Edito

Il est courant que l’enfant soit amené par ses parents pour voir le psy, car il fait « des crises », dont le bruit et la fureur masquent, ou le malentendu criant au sein du couple parental, ou un événement singulier ou tout autre élément savamment oublié. Cette crise de l’enfant voile ainsi la crise au sein de la famille, dont l’enfant a un savoir parfois insu, fait de non-dits qui l’agitent et noircissent parfois ses nuits. C’est ce que démontre Dominique Holvoet dans son texte « La crise : principe organisateur de la famille ? » de ce numéro : « L’instance critique est ici l’enfant, mais il l’est au titre de symptôme de la vérité du couple parental. L’enfant se trouve en place d’incarner un enjeu de jouissance aux prises avec le malentendu fondamental qui l’a fait naître.[1]»
Le langage courant emploie le terme crise à tout-va – dans un empan suffisamment vaste pour inclure aussi bien l’adolescent en crise que la crise financière. Le flou qui entoure ce mot permet d’éviter d’en dire davantage. C’est pourquoi, dans certains cas, il faut questionner le parent qui énonce que son enfant fait des crises, ce qui permet ainsi d’apprendre que le simple « Non » de l’enfant a parfois valeur de crise. Jacques-Alain Miller indique qu’« il y a crise, au sens analytique, quand le discours, […] les rites, la routine, tout l’appareil symbolique, s’avèrent soudain impuissants à tempérer un réel qui n’en fait qu’à sa tête[2]». Dès lors, une crise « est le réel déchaîné, impossible à maîtriser[3]».
Outre l’ouragan qu’elle est, la crise dans la famille a pour particularité non de redistribuer les places – bien que cela puisse avoir lieu –, mais d’actualiser l’écart entre la place idéalisée et la place obtenue, témoignant bien de la débâcle symbolique en court et du déchaînement du réel. Notons, avec D. Holvoet, que la crise familiale est davantage constituante que constituée, car « l’essence de la crise, c’est la langue elle-même, en tant qu’elle est un malentendu permanent[4]».

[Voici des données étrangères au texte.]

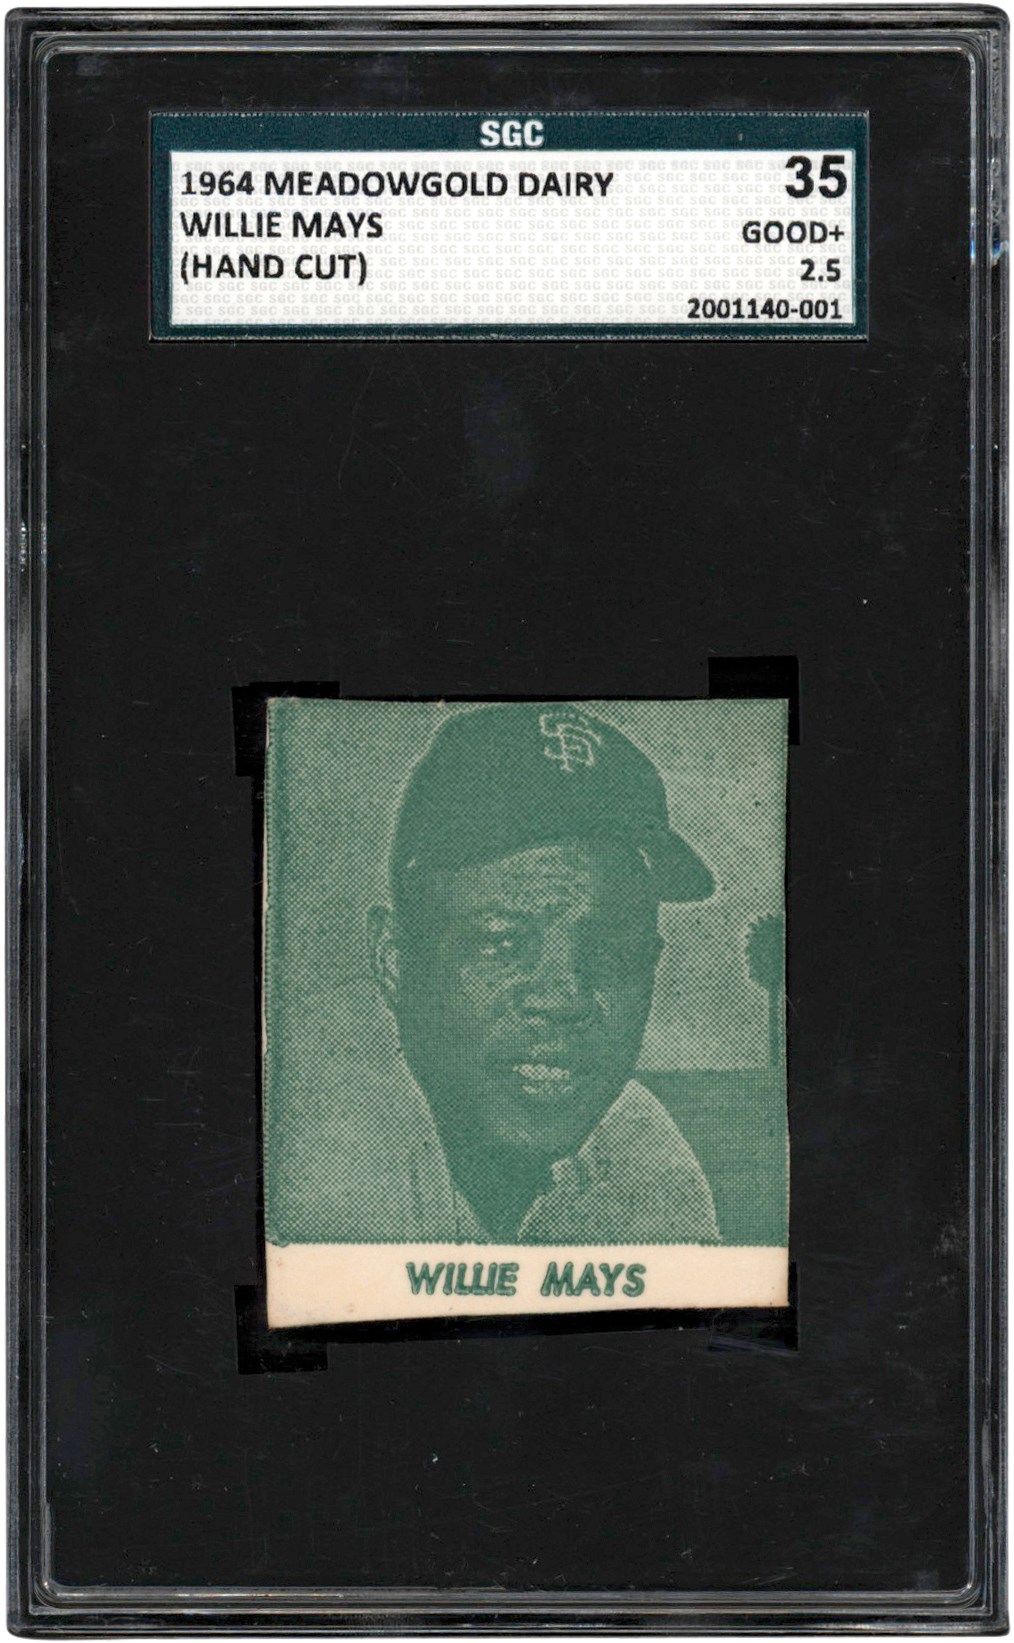 - 1964 Meadowgold Dairy Willie Mays SGC GD+ 2.5 (Pop 1 Two Higher)

Pour la rubrique « Actualité », Alexandre Hugues analyse le schisme survenu suite à la fake news concernant l’interdiction de cette modalité de réponse à la crise de l’enfant qu'est le fait de l’envoyer au coin. En effet, nous avons dorénavant les tenants d’une « parentalité exclusivement positive » et les fervents défenseurs d'une parentalité « ferme et bienveillante »[5].

[1] Holvoet D., « La crise : principe organisateur de la famille ? », Le Zappeur, 14 décembre 2022, disponible sur le site de l’Institut psychanalytique de l’Enfant du Champ freudien.
[2] Miller J.-A., « Une crise, c’est le réel déchaîné », entretien, Marianne, 11 octobre 2008, disponible sur internet.
[3] Ibid.
[4] Holvoet D., « La crise : principe organisateur de la famille ? », op. cit.
[5] Hugues A., « “Parentalité positive”, négatif du désir », Le Zappeur, 14 décembre 2022, disponible sur le site de l’Institut psychanalytique de l’Enfant du Champ freudien.